• DATA PROVIDED:

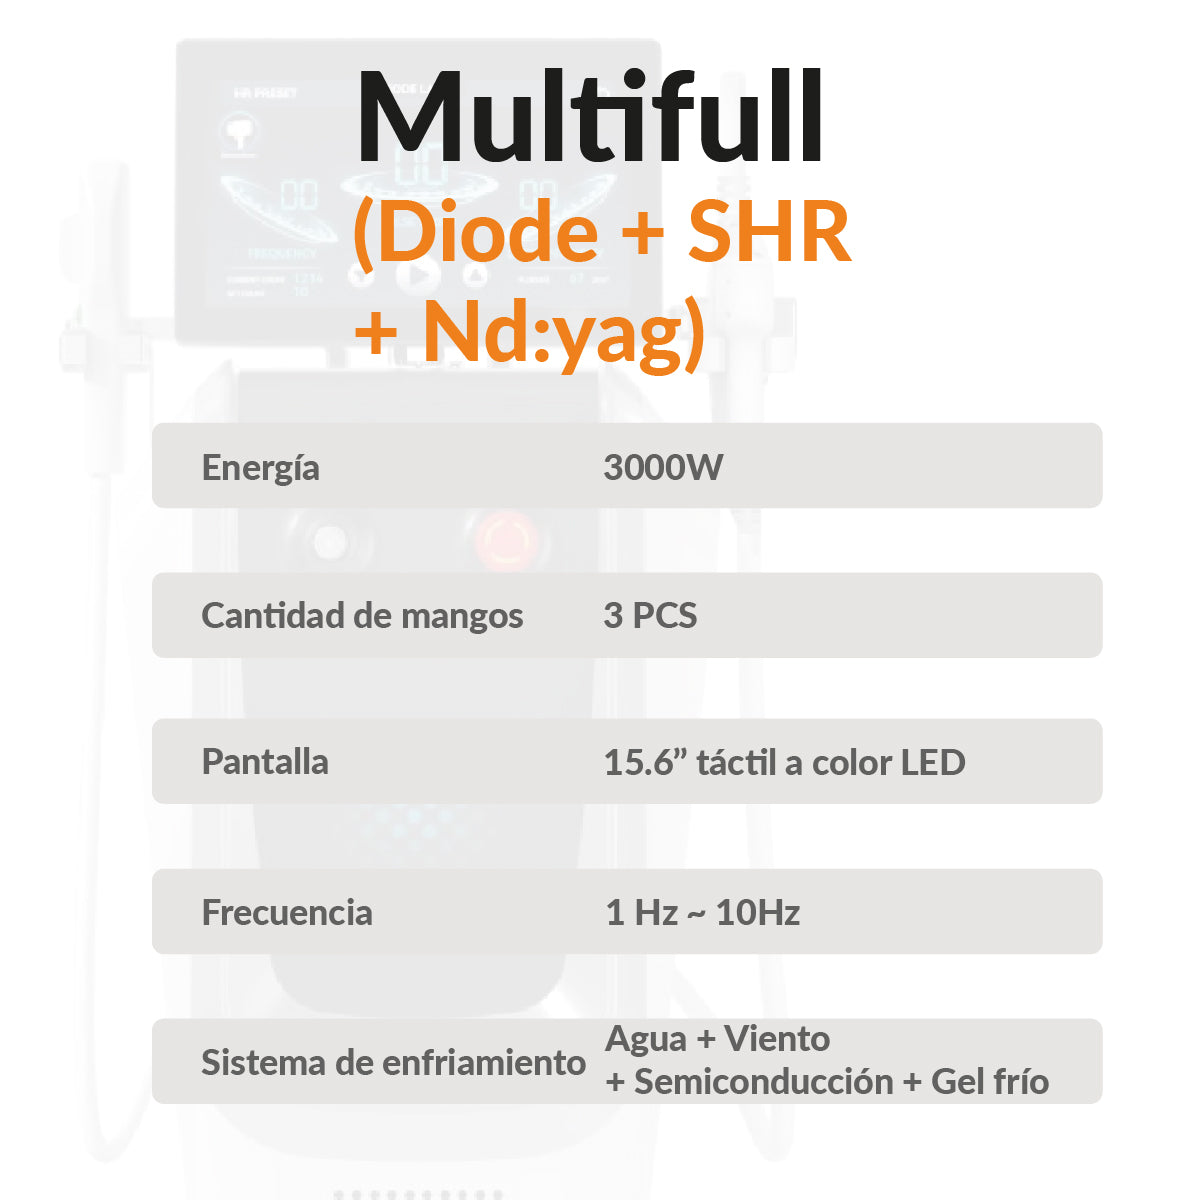 Multifull(Diode + SHR + Nd:yag)
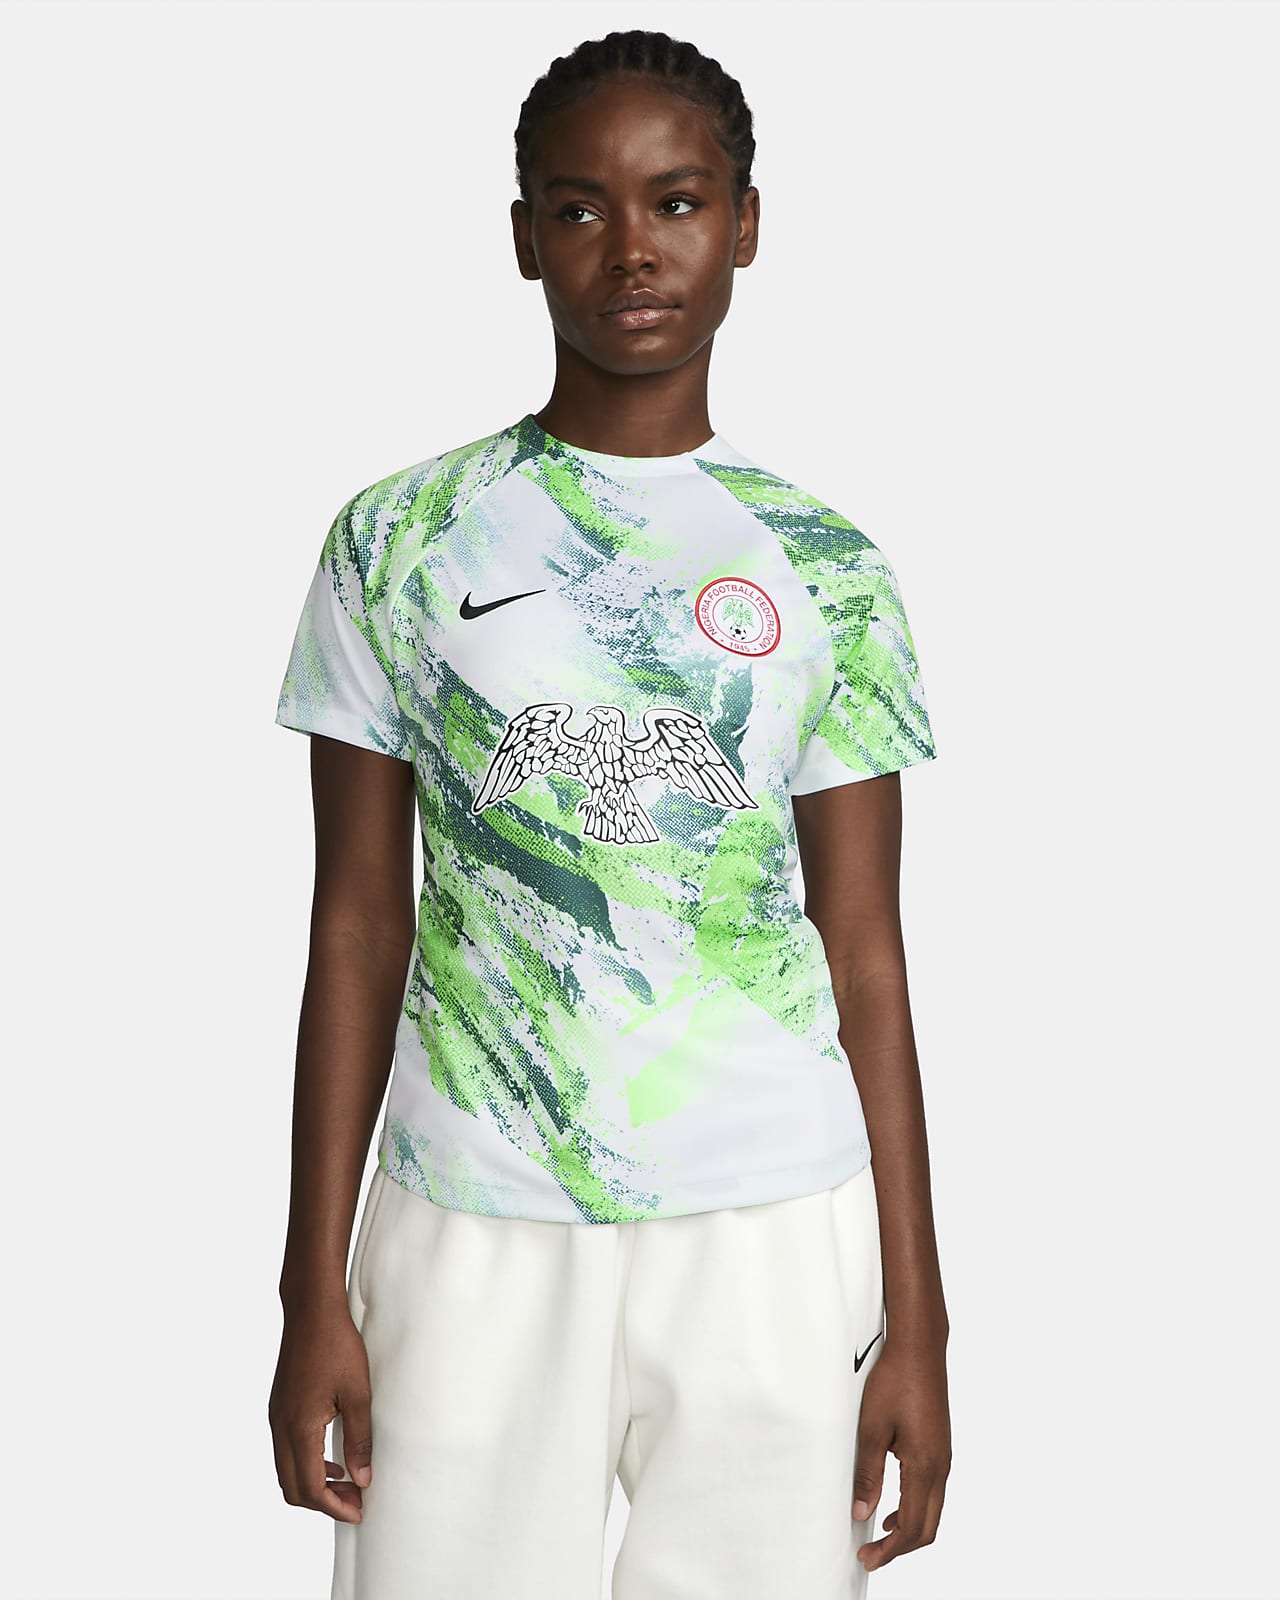 Nike Soccer thinks women's jerseys need to show more skin - Stars
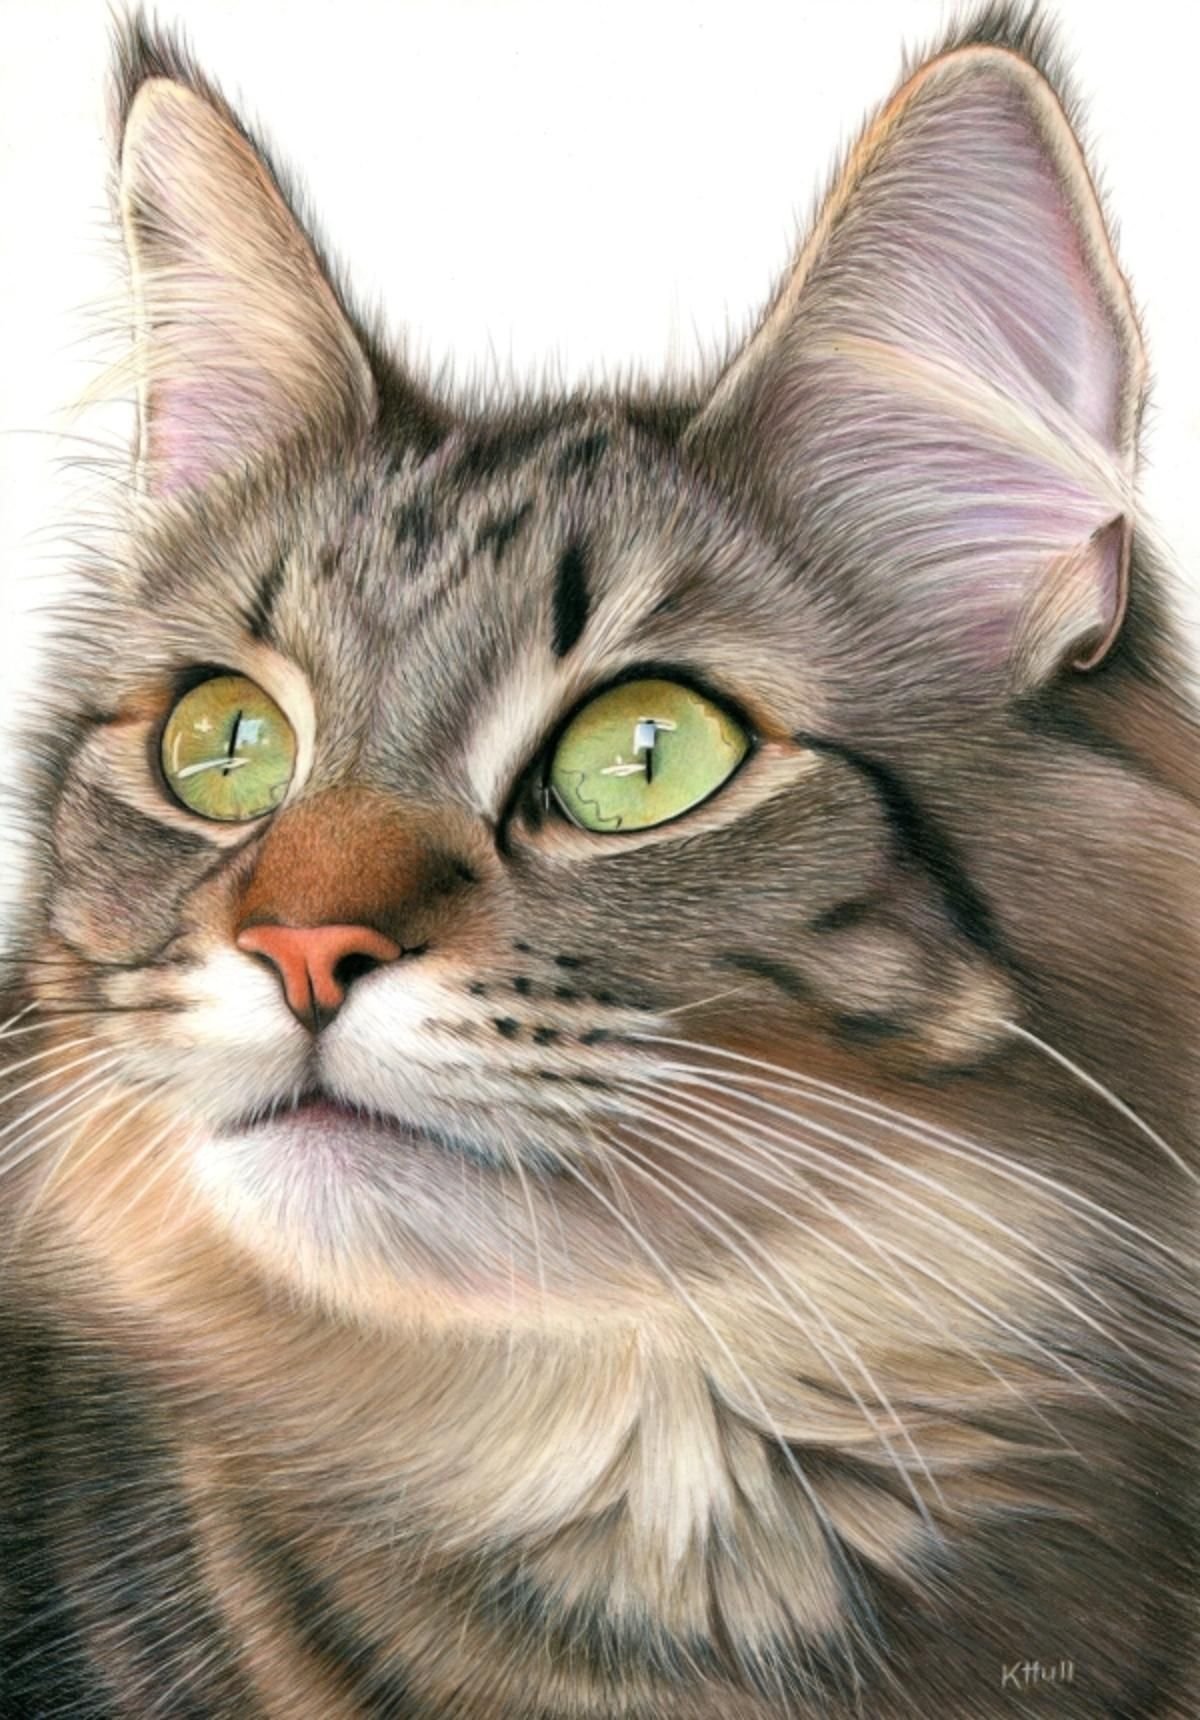 Цветная картинка котика. Кошачья морда. Портрет кота. Мордочка котенка. Красивая морда кошки.

• WORK TO COMPLETE: Wherever the listing shows a picture, omit it and output the rest exactly as given.

• RESULT OF THIS EXERCISE:
 Multifull(Diode + SHR + Nd:yag)
 Nike Soccer thinks women's jerseys need to show more skin - Stars
 Цветная картинка котика. Кошачья морда. Портрет кота. Мордочка котенка. Красивая морда кошки.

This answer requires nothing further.